Sorry, misunderstanding, I chose that position to write "No ack to this
one yet" because that is where I would insert my "Acked-by" to the patch
when ready.  I just meant that I cannot yet give you my "Acked-by".

You were not being rude to me at all, quite the reverse.

I have no objection to your writing "Reported-by: Hugh...": you are
being polite to acknowledge me, and I was not objecting to that.

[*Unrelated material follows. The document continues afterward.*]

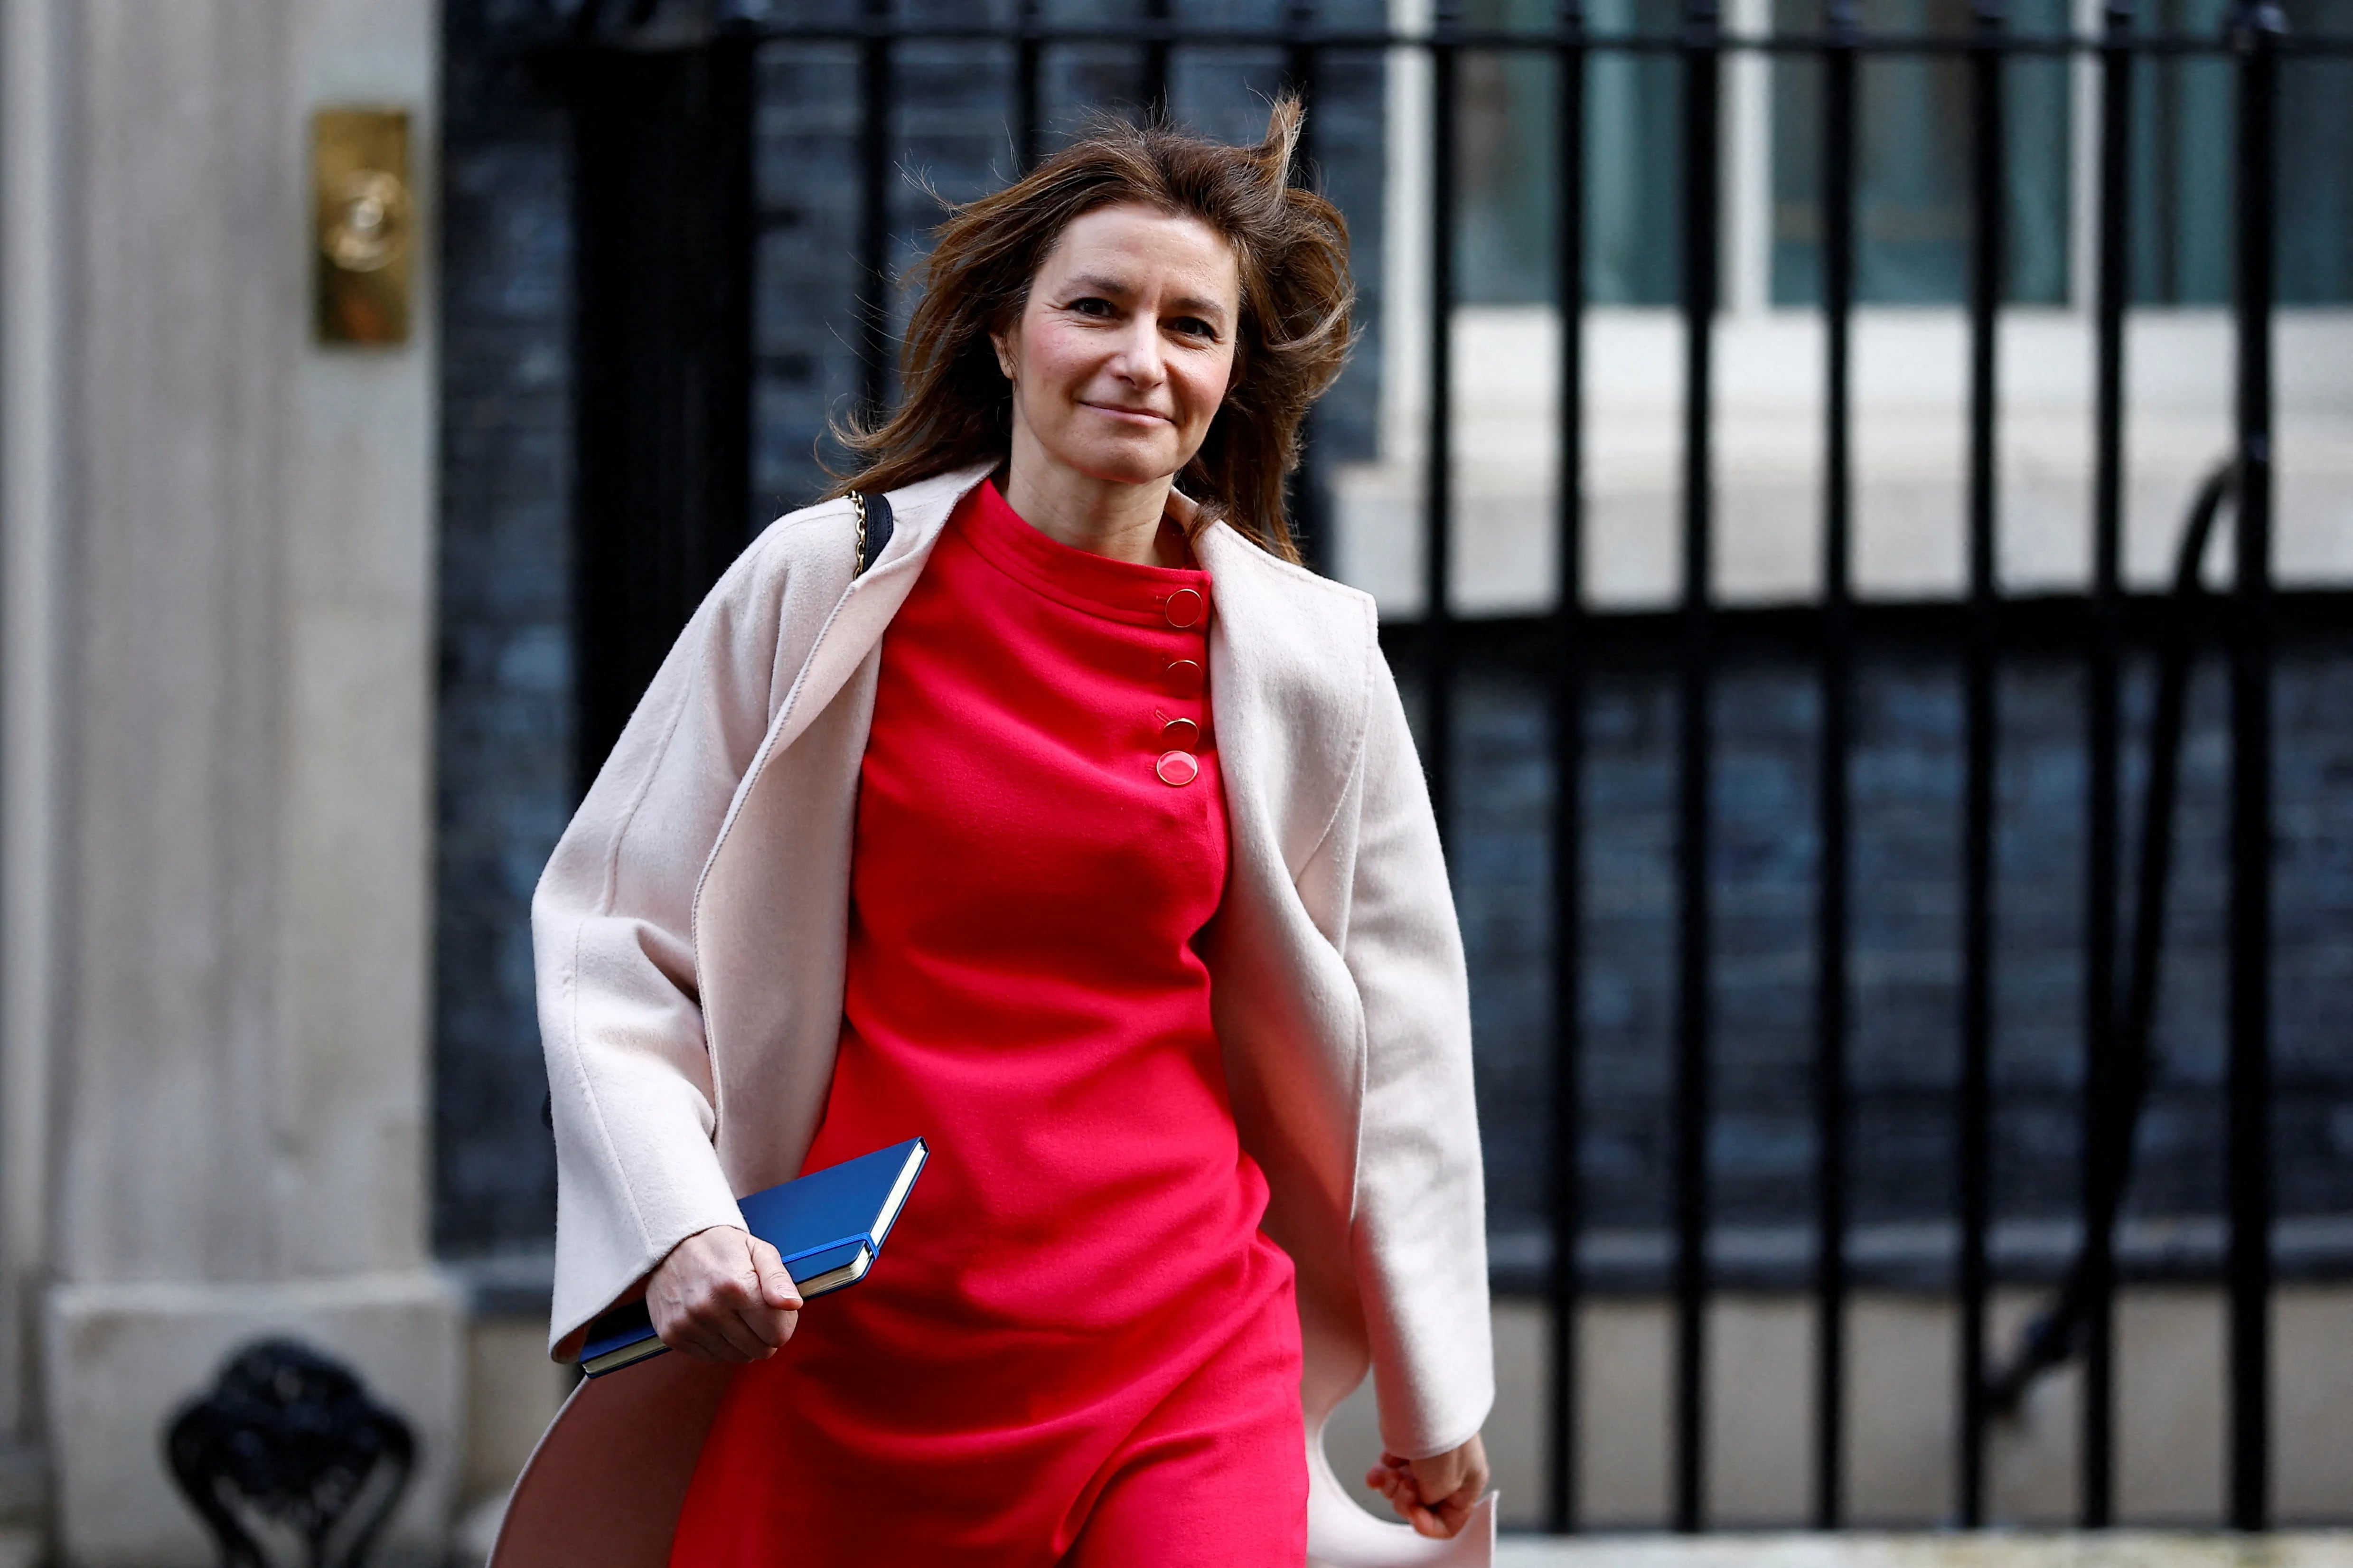 FOTO DE ARCHIVO: La secretaria de Estado británica para la Cultura, los Medios y el Deporte, Lucy Frazer, camina por Downing Street en Londres, Gran Bretaña, el 15 de marzo de 2023. REUTERS/Peter Nicholls/Foto de archivo

Although usually, we save "Reported-by"s for users who have
reported a problem they saw in practice, rather than for fellow
developers who have looked at the code and seen a potential bug -
so I won't mind at all if you end up taking it out.

> 
> > One subtlety to take care over: it's a long time since I've had to
> > worry about pmd folding and pud folding (what happens when you only
> > have 2 or 3 levels of page table instead of the full 4): macros get
> > defined to each other, and levels get optimized out (perhaps
> > differently on different architectures).
> > 
> > So although at first sight the lock to take in follow_huge_pud()
> > would seem to be mm->page_table_lock, I am not at this point certain
> > that that's necessarily so - sometimes pud_huge might be pmd_huge,
> > and the size PMD_SIZE, and pmd_lockptr appropriate at what appears
> > to be the pud level.  Maybe: needs checking through the architectures
> > and their configs, not obvious to me.
> 
> I think that every architecture uses mm->page_table_lock for pud-level
> locking at least for now, but that could be changed in the future,
> for example when 1GB hugepages or pud-based hugepages become common and
> someone are interested in splitting lock for pud level.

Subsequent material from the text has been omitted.